Venture capital is a term to describe the financing of startup and early stage businesses as well as businesses in "turn around" situations. Venture capital investments generally are higher risk investments but offer the potential for above-average returns. A venture capitalist (VC) is a person who makes such investments. A venture capital fund is a pooled investment vehicle (often a partnership) that primarily invests the financial capital of third-party investors in enterprises that are too risky for the standard capital markets or bank loans. A limited partner is a person or organization who invests capital in a venture capital fund for financial gain.

A general partner is a venture capitalist who manages the fund and makes investments. Investments by a venture capital fund can take the form of either equity participation or a combination of equity participation (typically with preferred stock) and debt obligation—often with convertible debt instruments that become equity if a certain level of risk is exceeded. In most cases, the venture capitalist becomes part owner or a member of the Board of Directors of the new venture.

Most investments are structured as preferred shares—the common stock often reserved by covenant for a future buyout, as VC investment criteria usually include a planned exit event (an IPO or acquisition), normally within three to seven years. In case a venture fails, then the entire funding by the venture capitalist has to be written off.

From India , New Delhi
hi all
Definition:- Venture Capital is a term which is used to describe very high risky capital. It is a method to raise finance. Its major Features:-
1. It involved very high risk. Risky projects space research experiments etc.
2. It may involve a foreign country even.
3. It will have heavy capital outlay.
4. It will involve high repayment period.
5. Venture capital will be provided to compnies which have high profit and growth potentials
Salini Pranav :)

From India ,
Venture capitalists are professional investors who specialize in funding and building young, innovative enterprises.
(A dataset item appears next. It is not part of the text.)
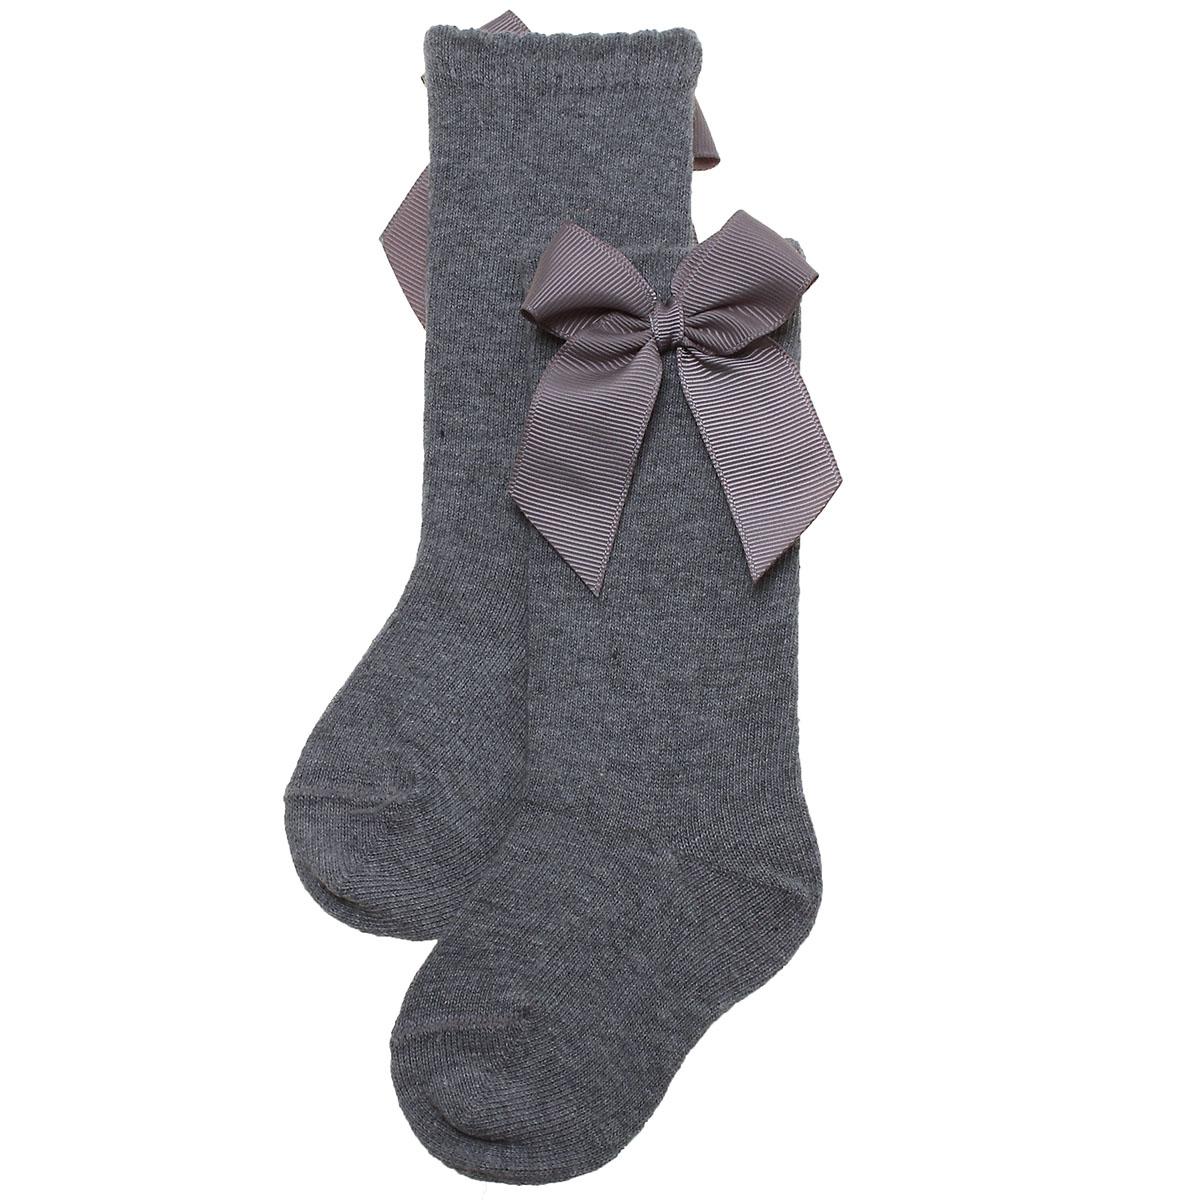 4e88b16a704c6 Grey Colour Girls Knee High Gros Grain Bow Socks | Cachet Kids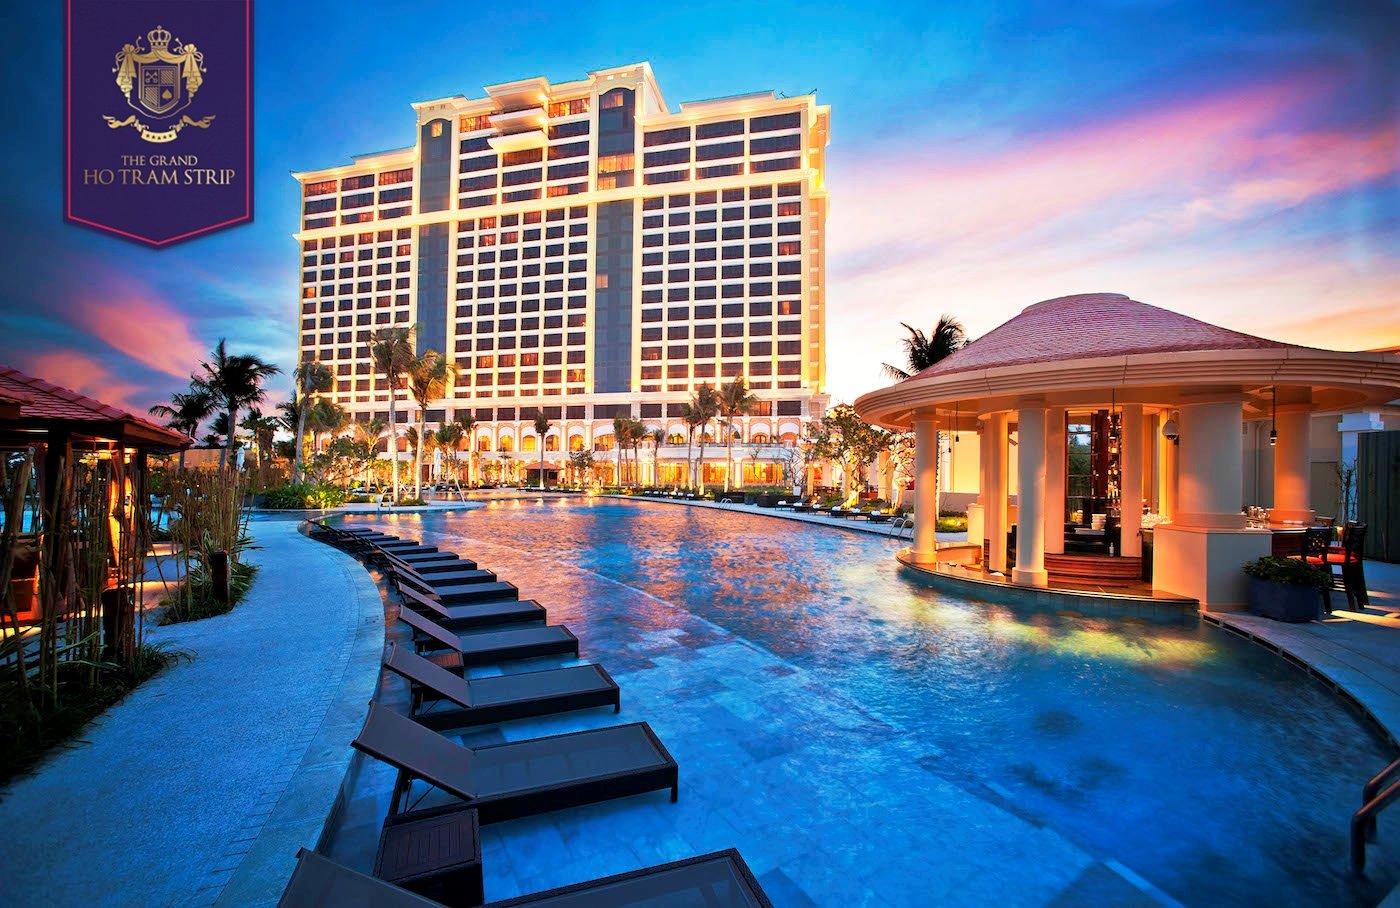 The Grand Hồ Tràm Strip Resort

Venture capitalists are long-term investors who take a hands-on approach with all of their investments and actively work with entrepreneurial management teams in order to build great companies

In nutshell, the term venture capital is explain below-
Venture capital is nothing but Risk Capital.
Capital invested in a project in which thee is a substantial elements of risk, especially money invested in a new venture or an expanding business exchange for shares in the business. Risk capital is normally invested in the eqyuity of the company.:wacko:

From India , New Delhi
It is a private or institutional investment made into early-stage / start-up companies (new ventures). As defined, ventures involve risk (having uncertain outcome) in the expectation of a sizeable gain. Venture Capital is money invested in businesses that are small; or exist only as an initiative, but have huge potential to grow. The people who invest this money are called venture capitalists (VCs). The venture capital investment is made when a venture capitalist buys shares of such a company and becomes a financial partner in the business.
Venture Capital investment is also referred to risk capital or patient risk capital, as it includes the risk of losing the money if the venture doesn’t succeed and takes medium to long term period for the investments to fructify.
Venture Capital typically comes from institutional investors and high net worth individuals and is pooled together by dedicated investment firms.
It is the money provided by an outside investor to finance a new, growing, or troubled business. The venture capitalist provides the funding knowing that there’s a significant risk associated with the company’s future profits and cash flow. Capital is invested in exchange for an equity stake in the business rather than given as a loan.
Venture Capital is the most suitable option for funding a costly capital source for companies and most for businesses having large up-front capital requirements which have no other cheap alternatives.
Venture capital funding is most widespread in the fast-growing technology and biotechnology fields.